> _EXERCISE DIRECTIONS_:
Without including any pictures, write out the data below exactly.

> _GIVEN MATERIAL_:
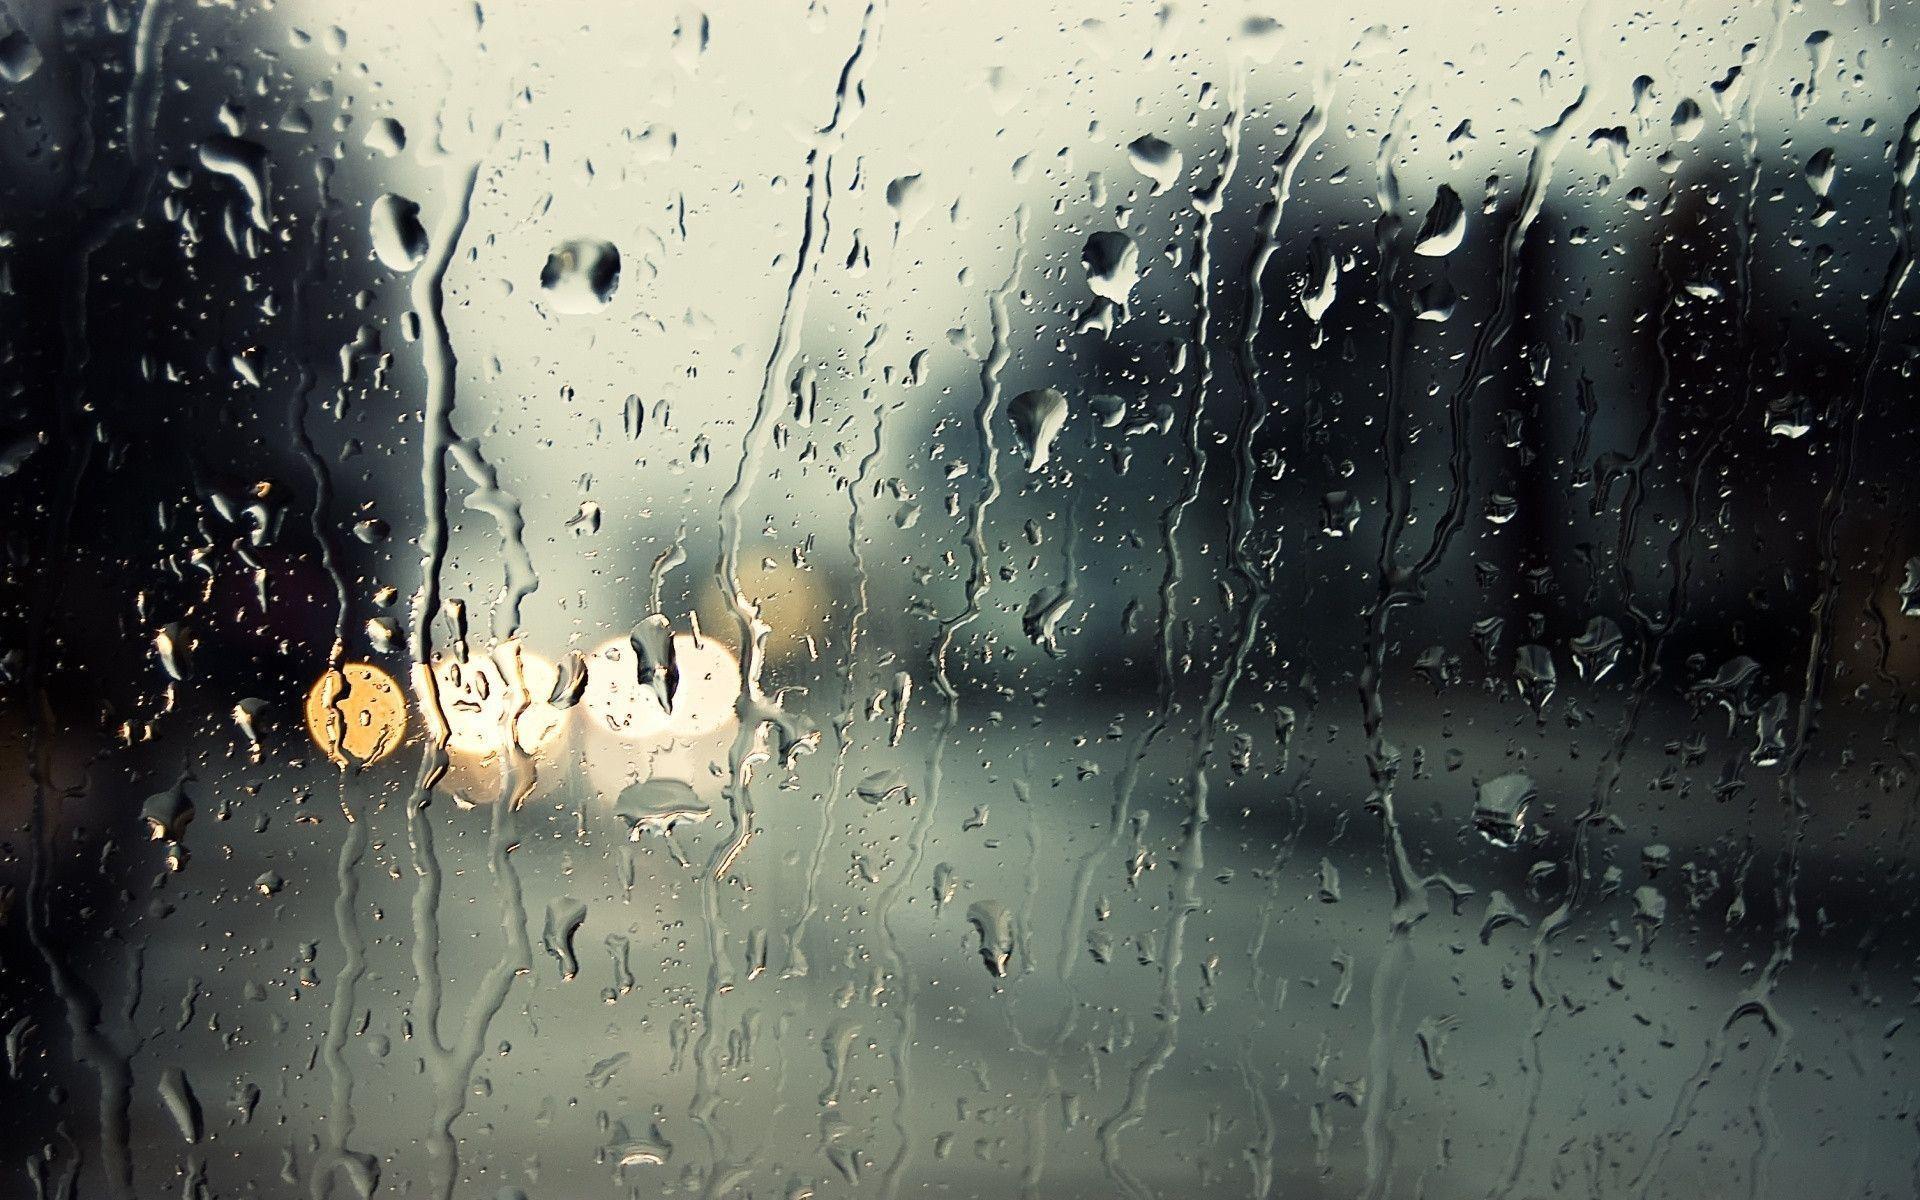 Rain entering through windows
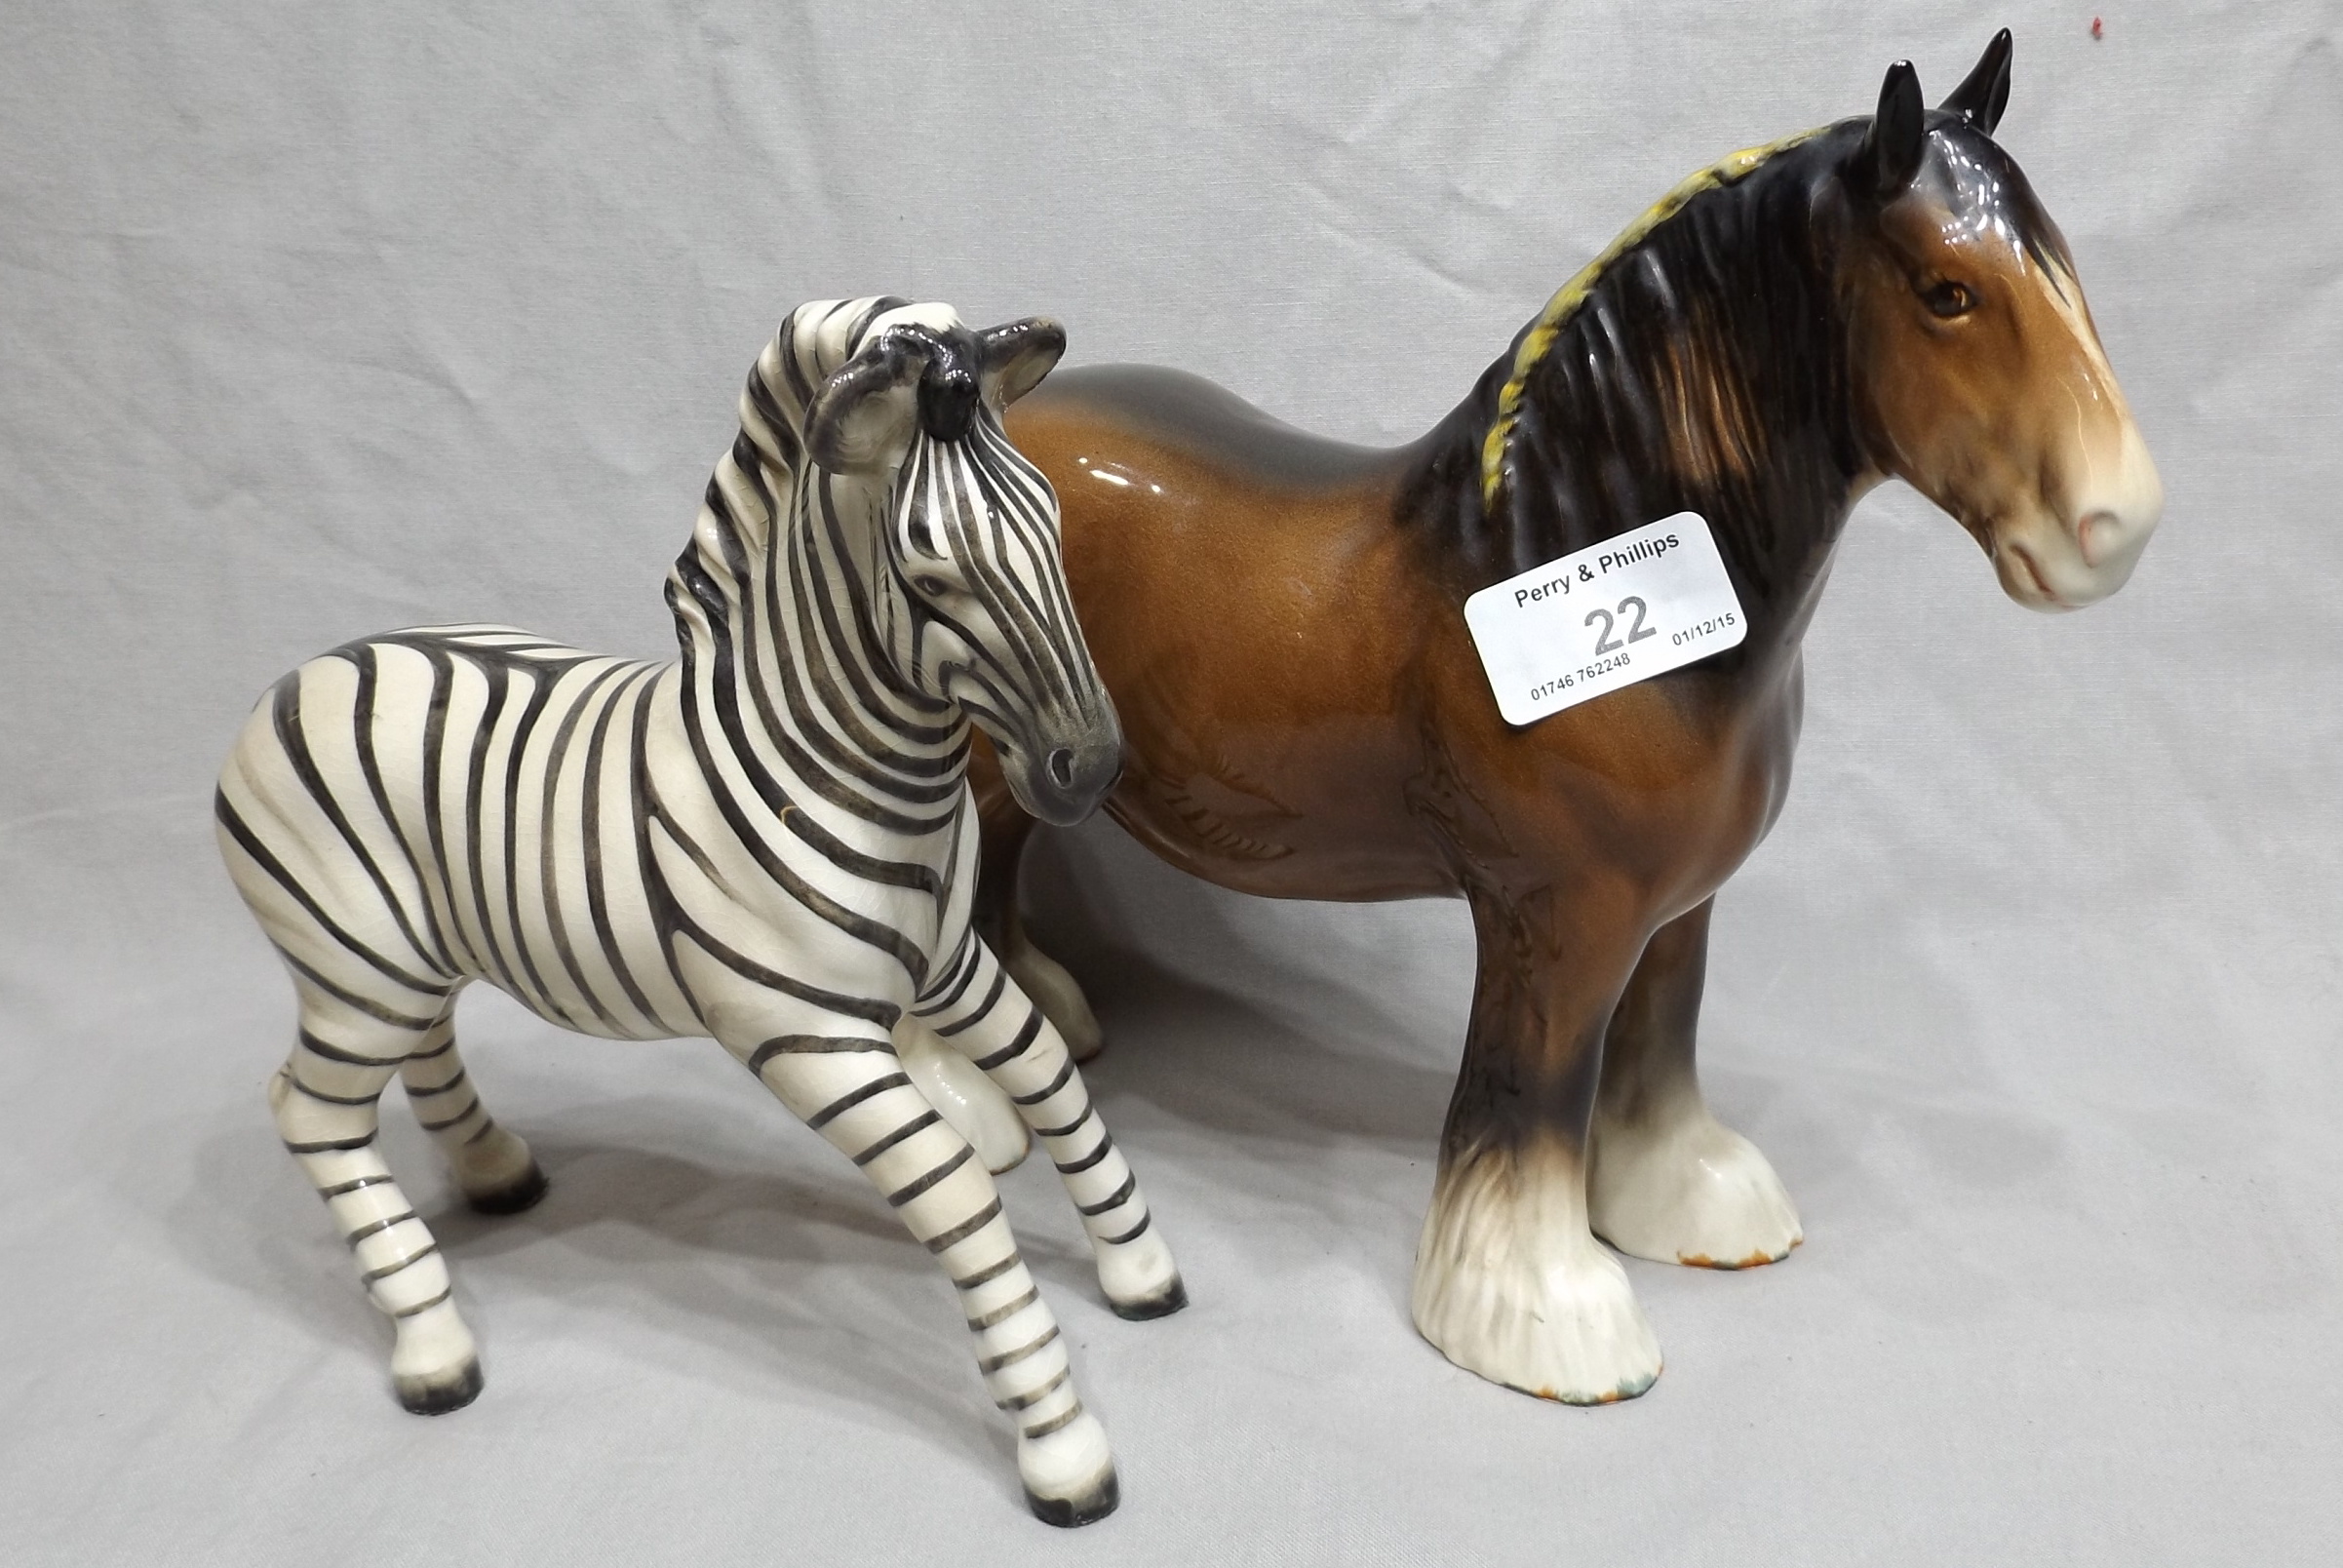 Beswick Zebra and Beswick Shirehorse
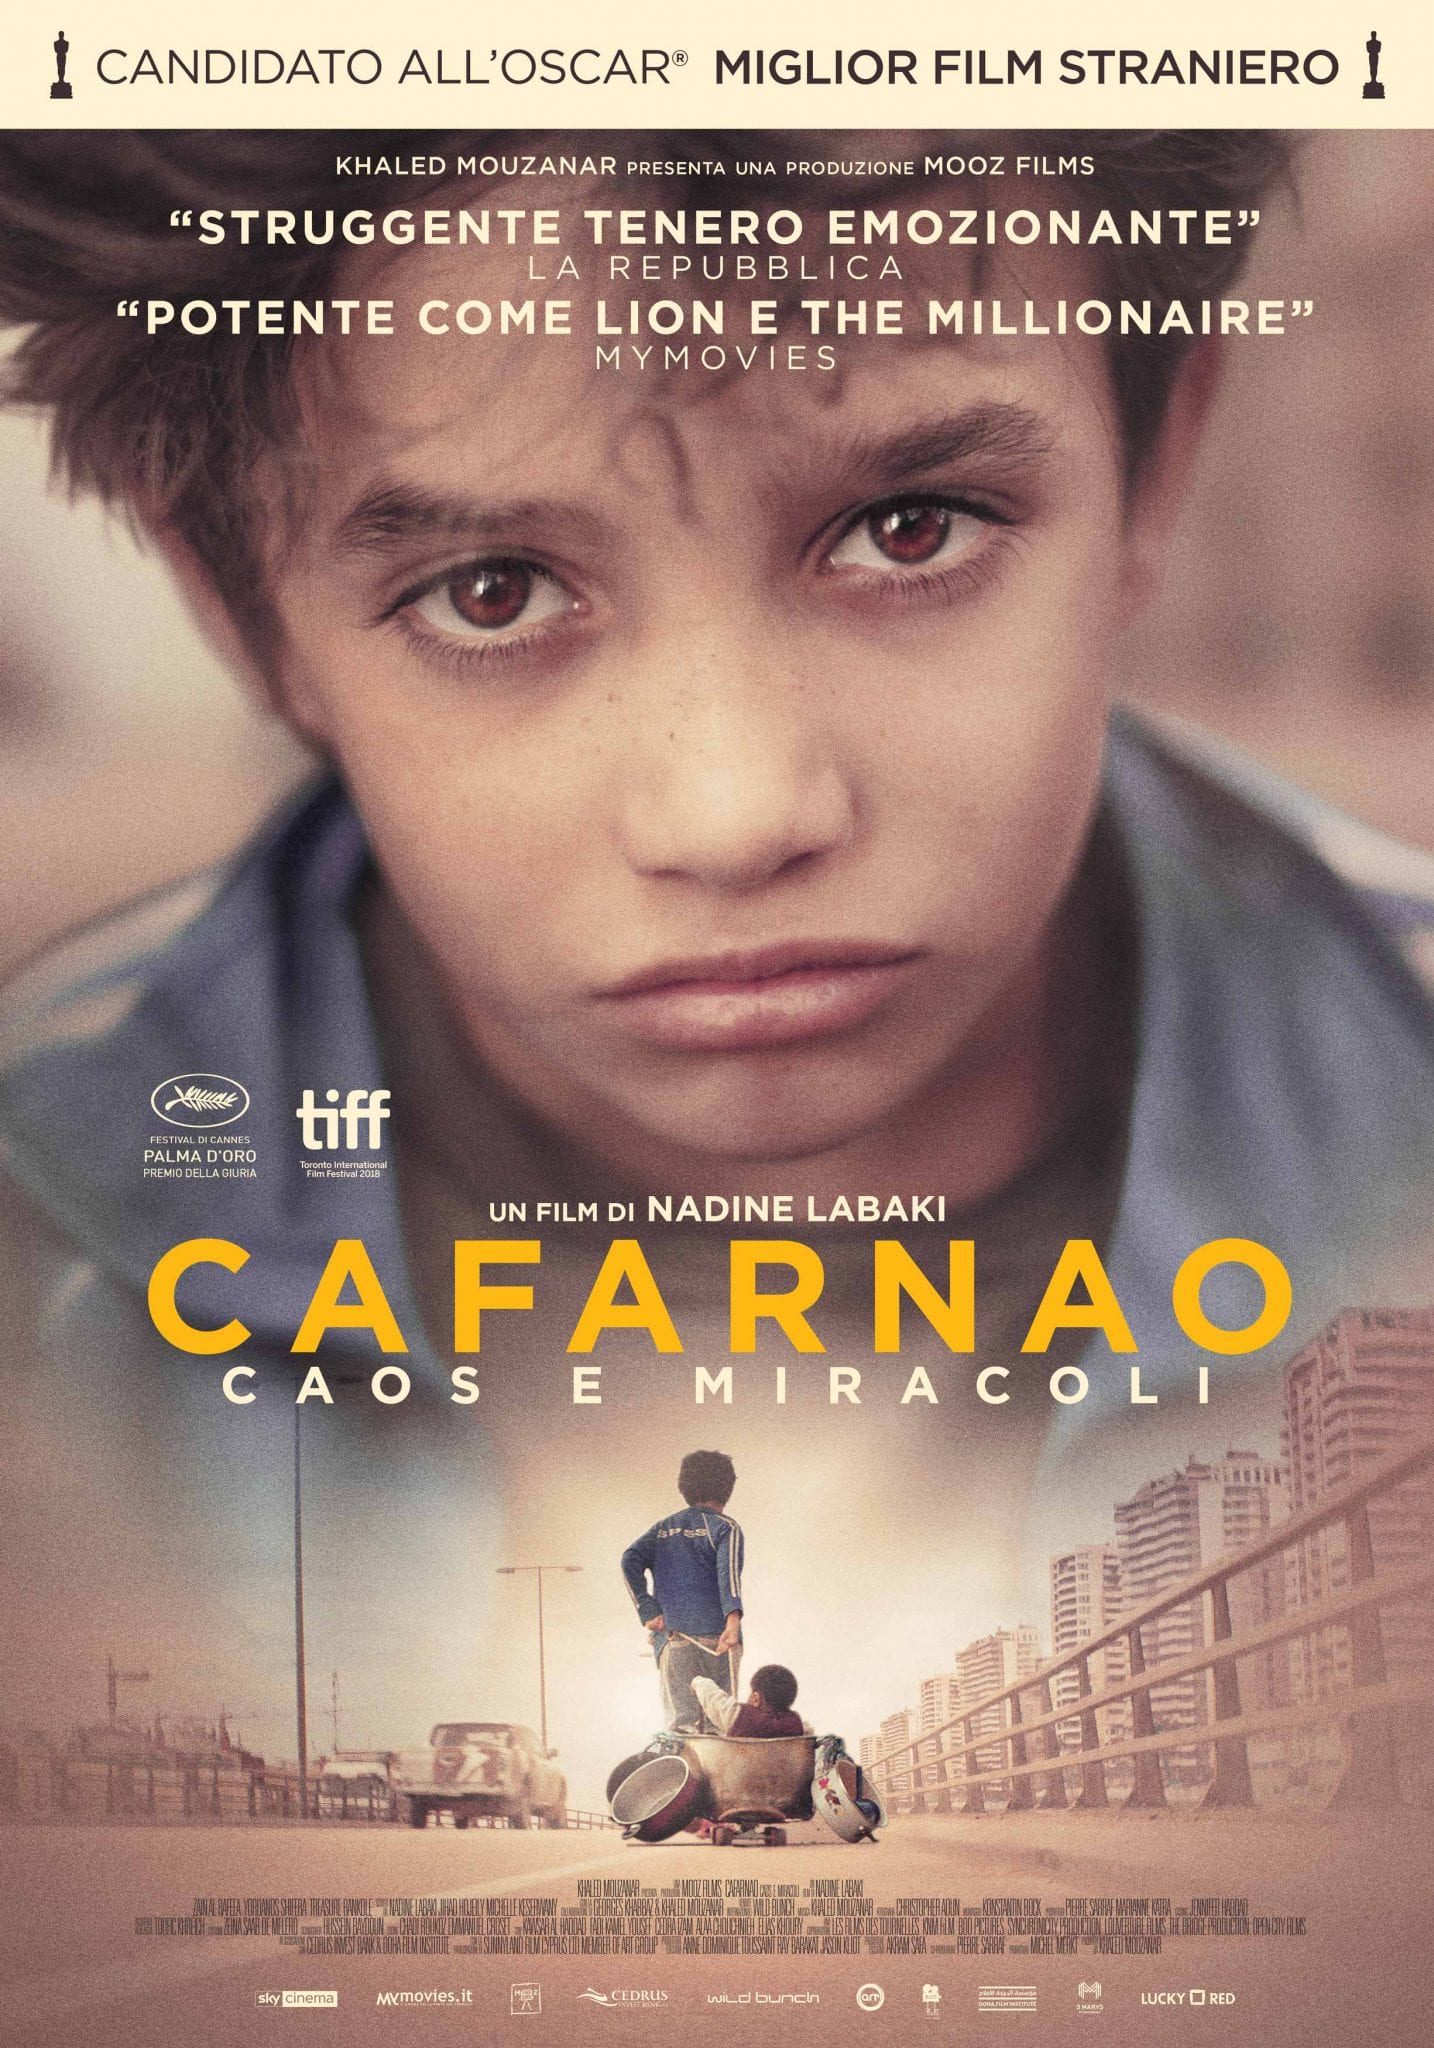 Cafarnao – caos e miracoli, al cinema il nuovo film di Nadine Labaki

> _EXERCISE RESULT_:
 Rain entering through windows
 Beswick Zebra and Beswick Shirehorse
 Cafarnao – caos e miracoli, al cinema il nuovo film di Nadine Labaki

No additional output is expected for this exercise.